Work request. Could you copy word for word only the lines between the one containing "Les fruits et" and the end of the listing below, both included, and leave out the pictures?

Collected material.
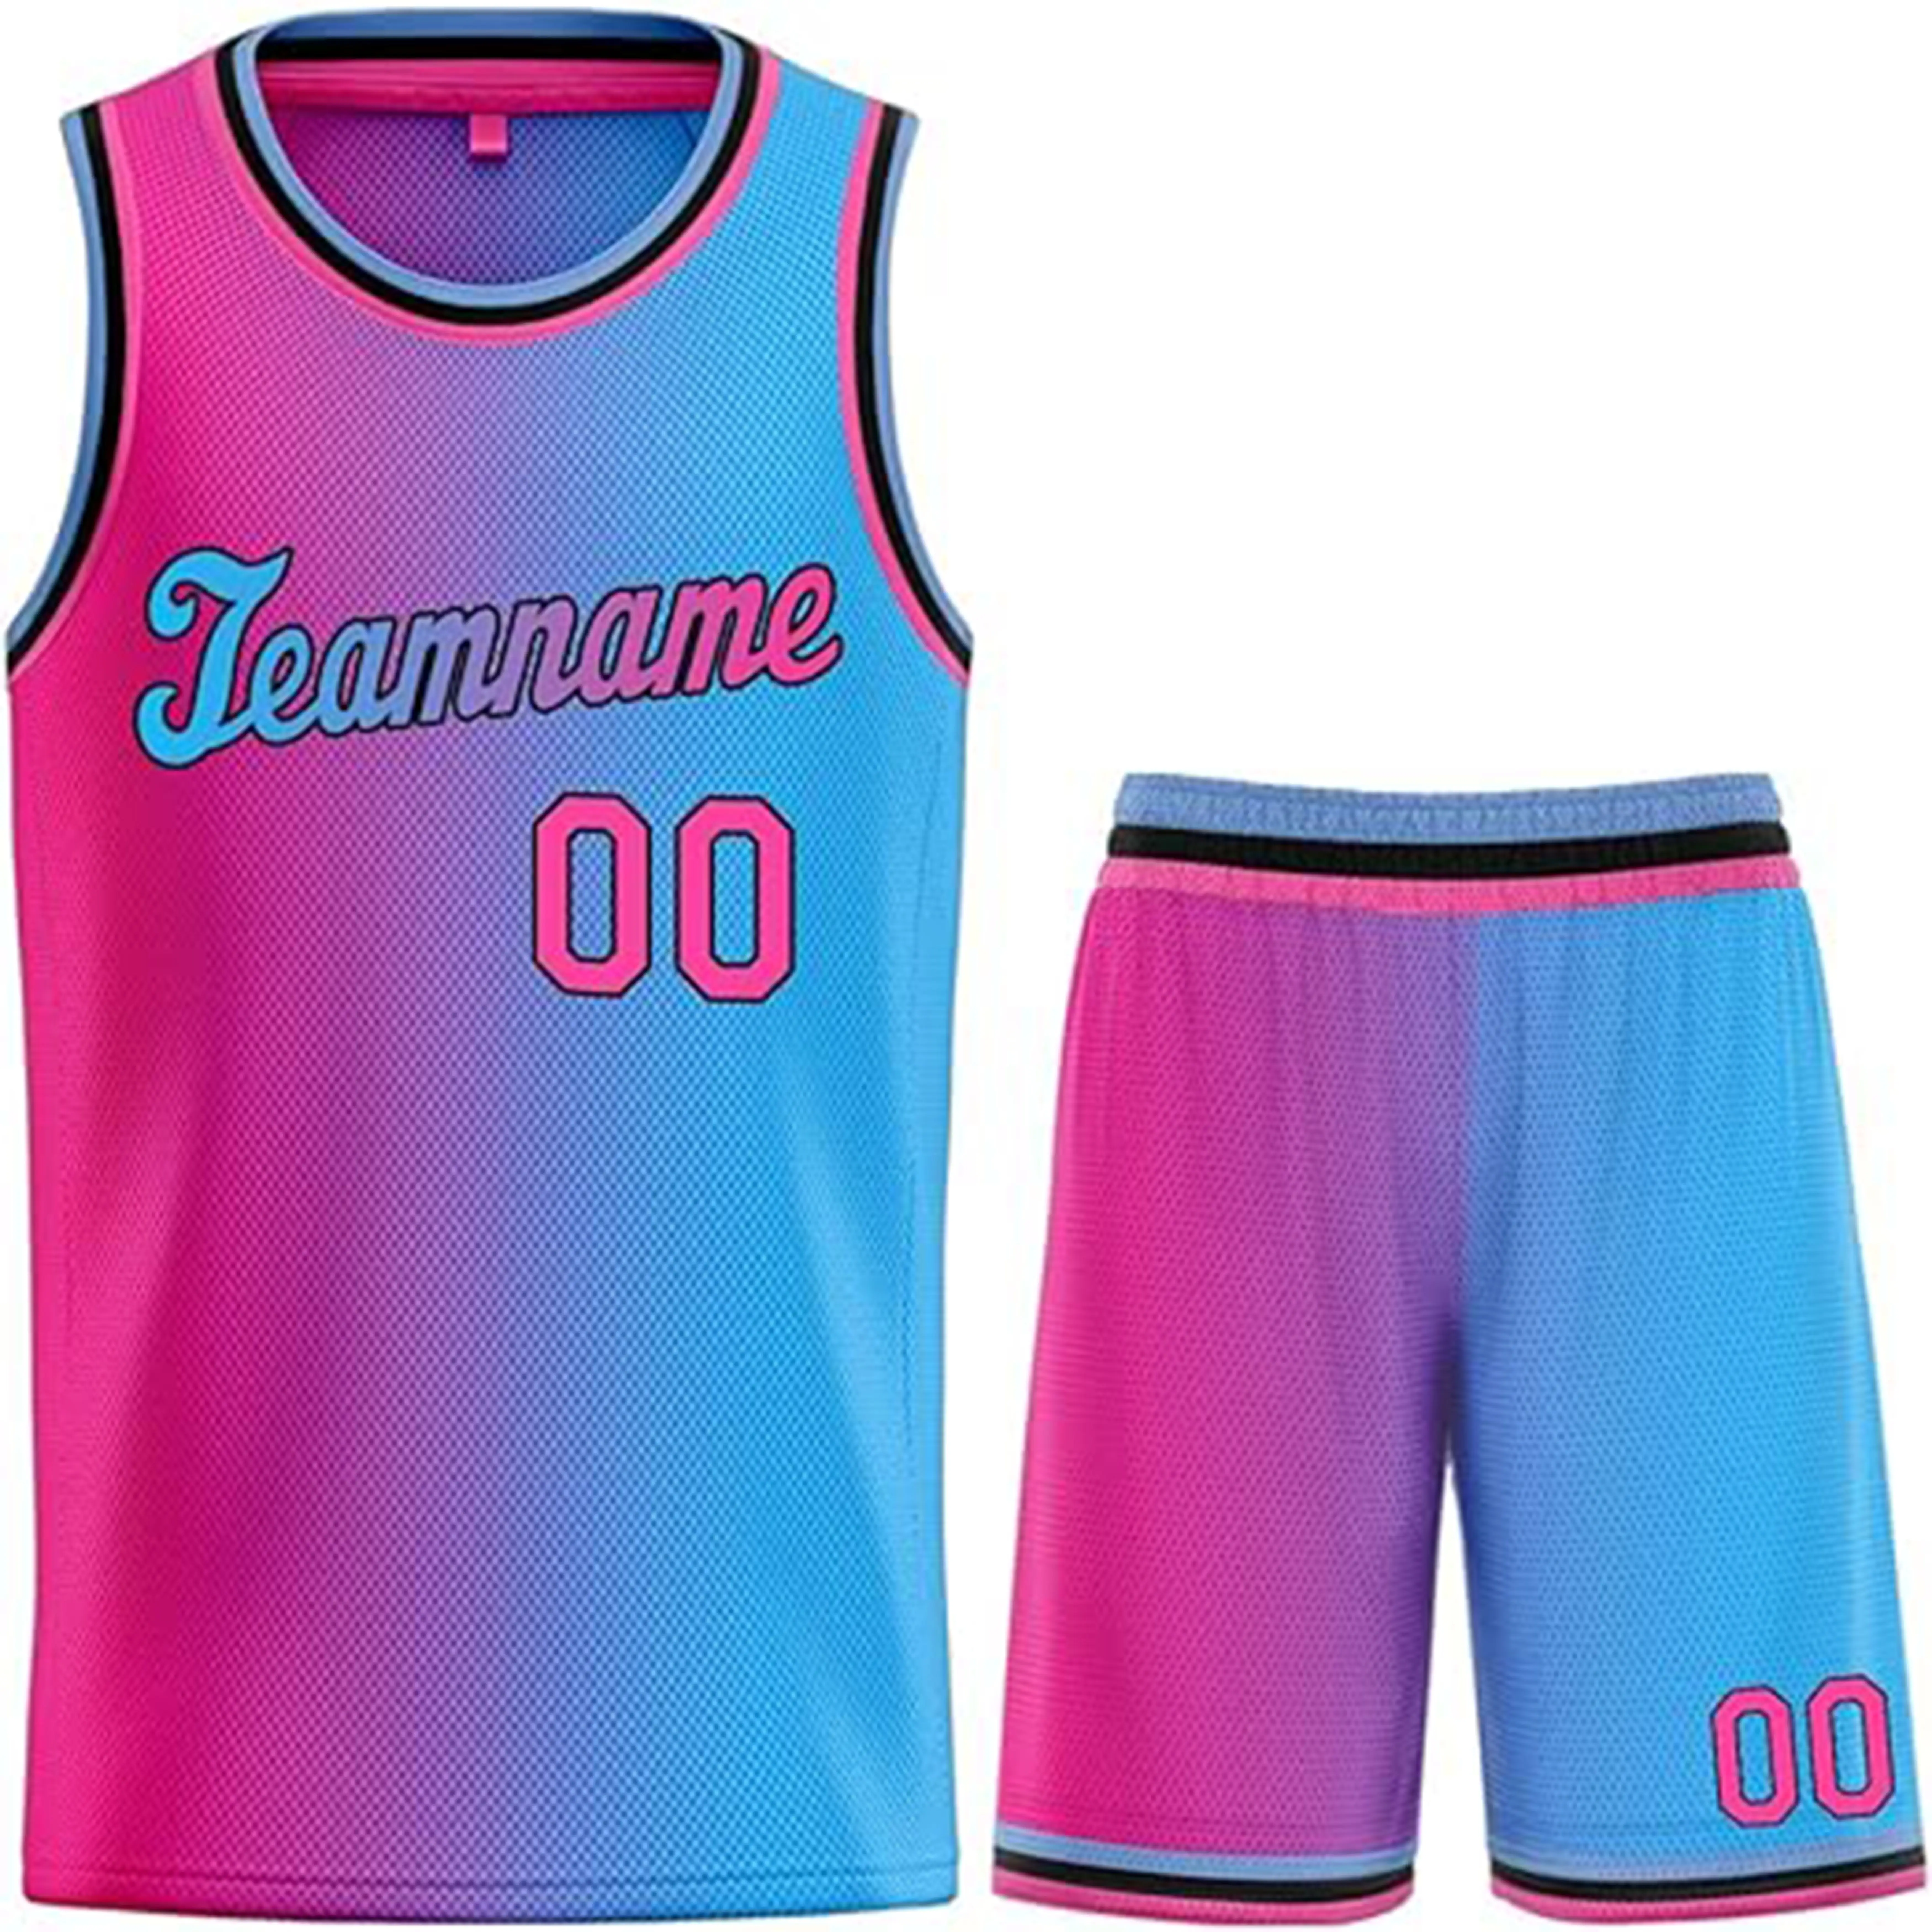 Stampa design personalizzato pantaloncini da basket set uniforme da uomo e donna allenamento stampa a sublimazione maglie da basket
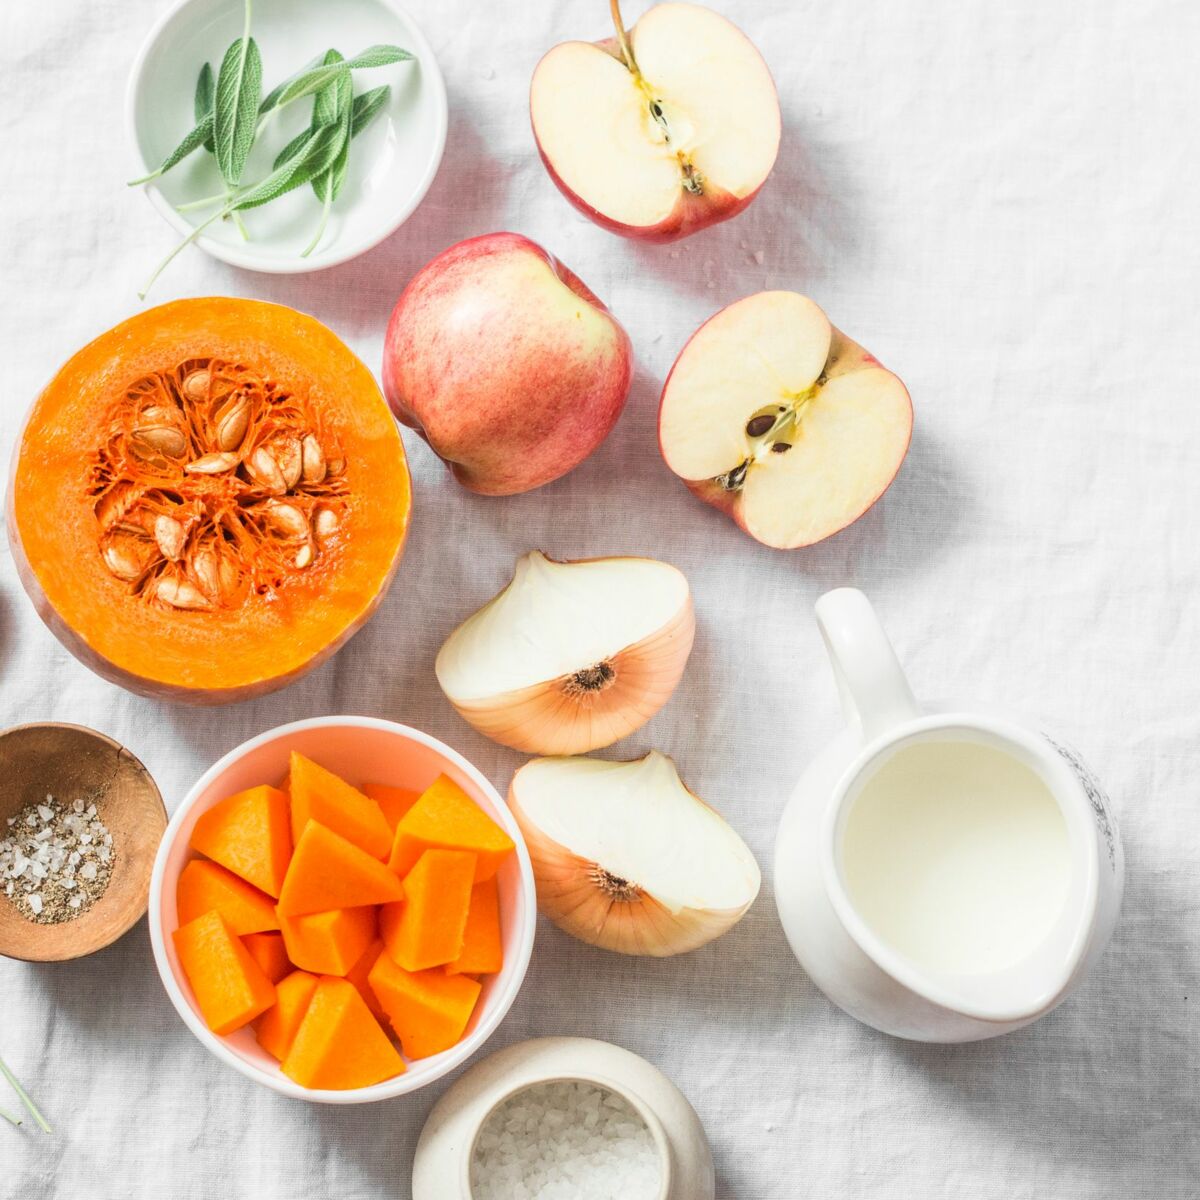 Les fruits et légumes à consommer en février - Conseils santé bien-être
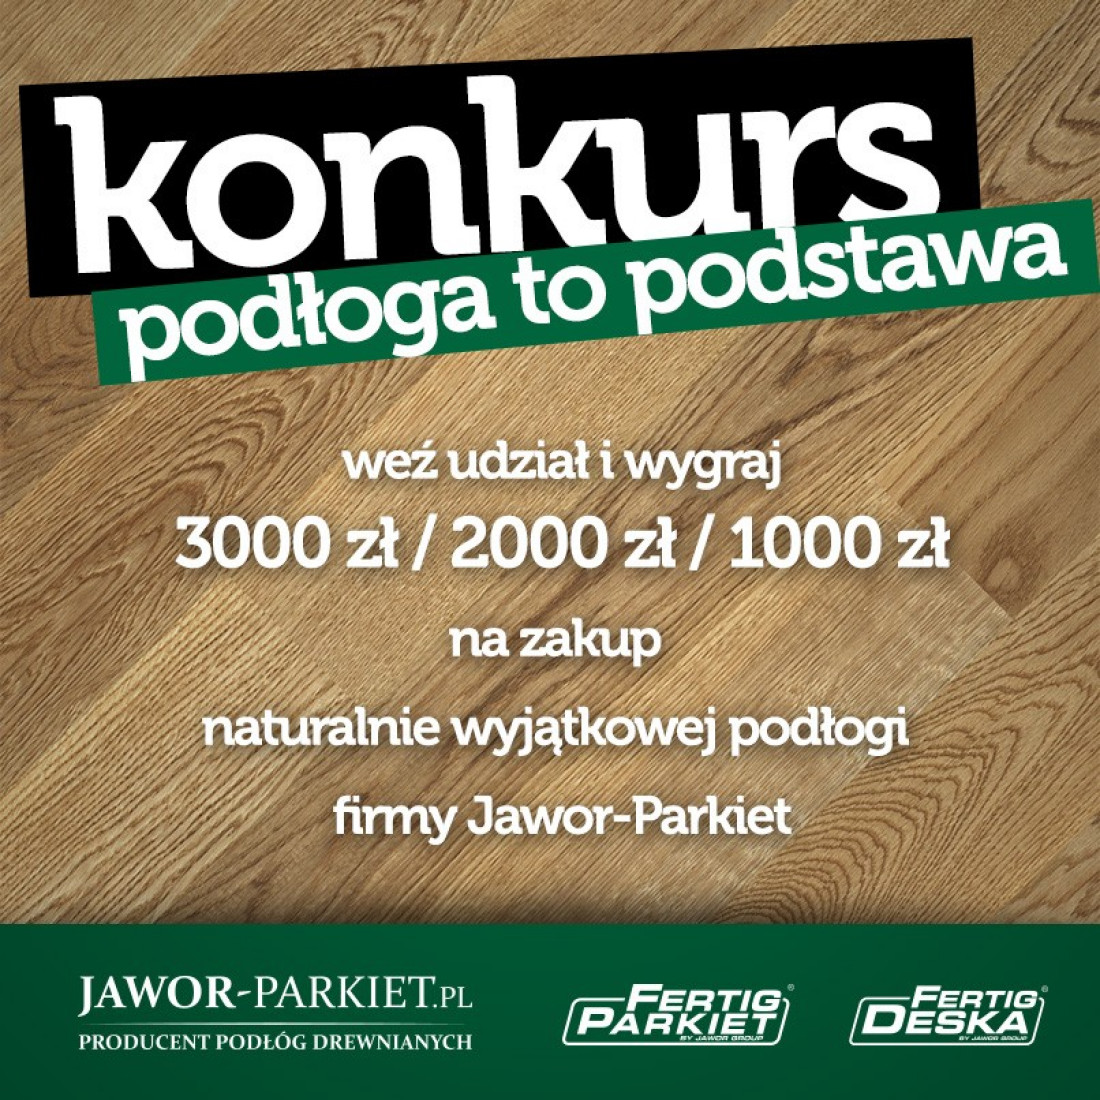 Weź udział w konkursie i wygraj drewnianą podłogę od Jawor-Parkiet!
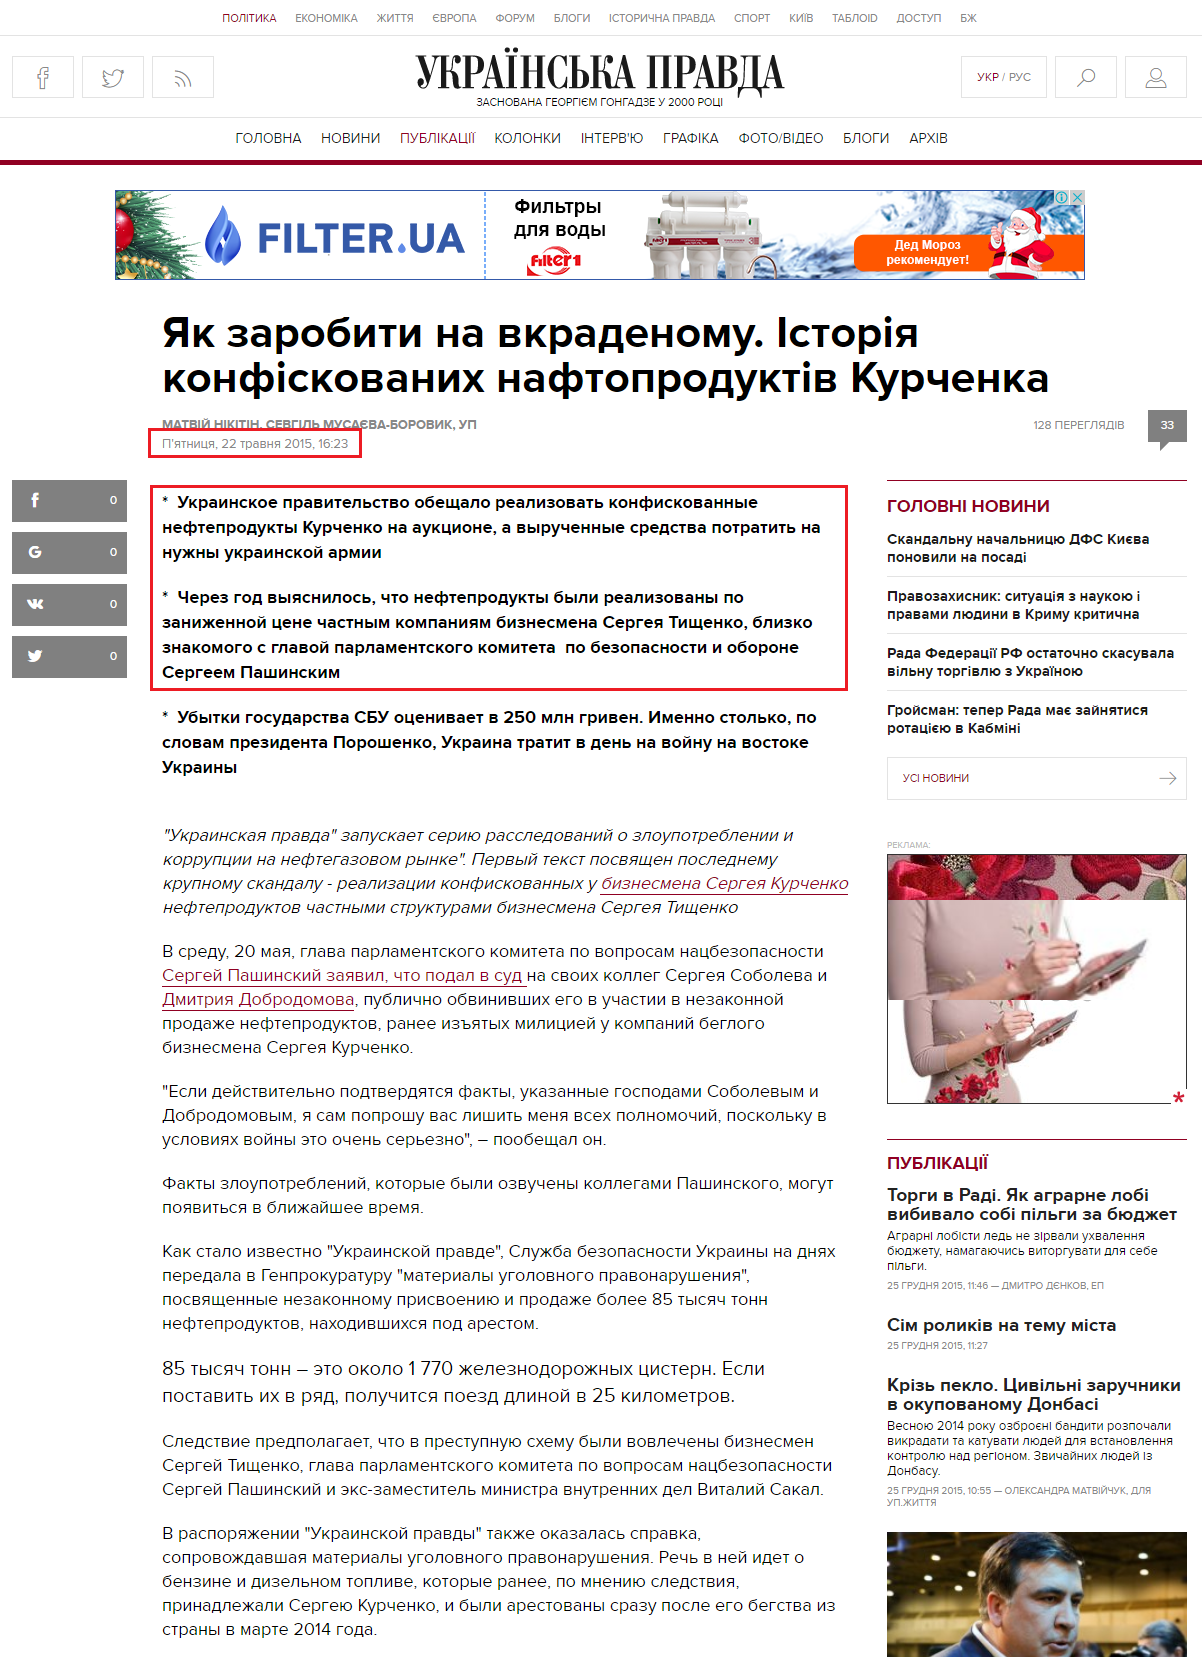 http://www.pravda.com.ua/articles/2015/05/22/7068765/

Task result.
 Les fruits et légumes à consommer en février - Conseils santé bien-être
 Weź udział w konkursie i wygraj drewnianą podłogę od Jawor-Parkiet!
 http://www.pravda.com.ua/articles/2015/05/22/7068765/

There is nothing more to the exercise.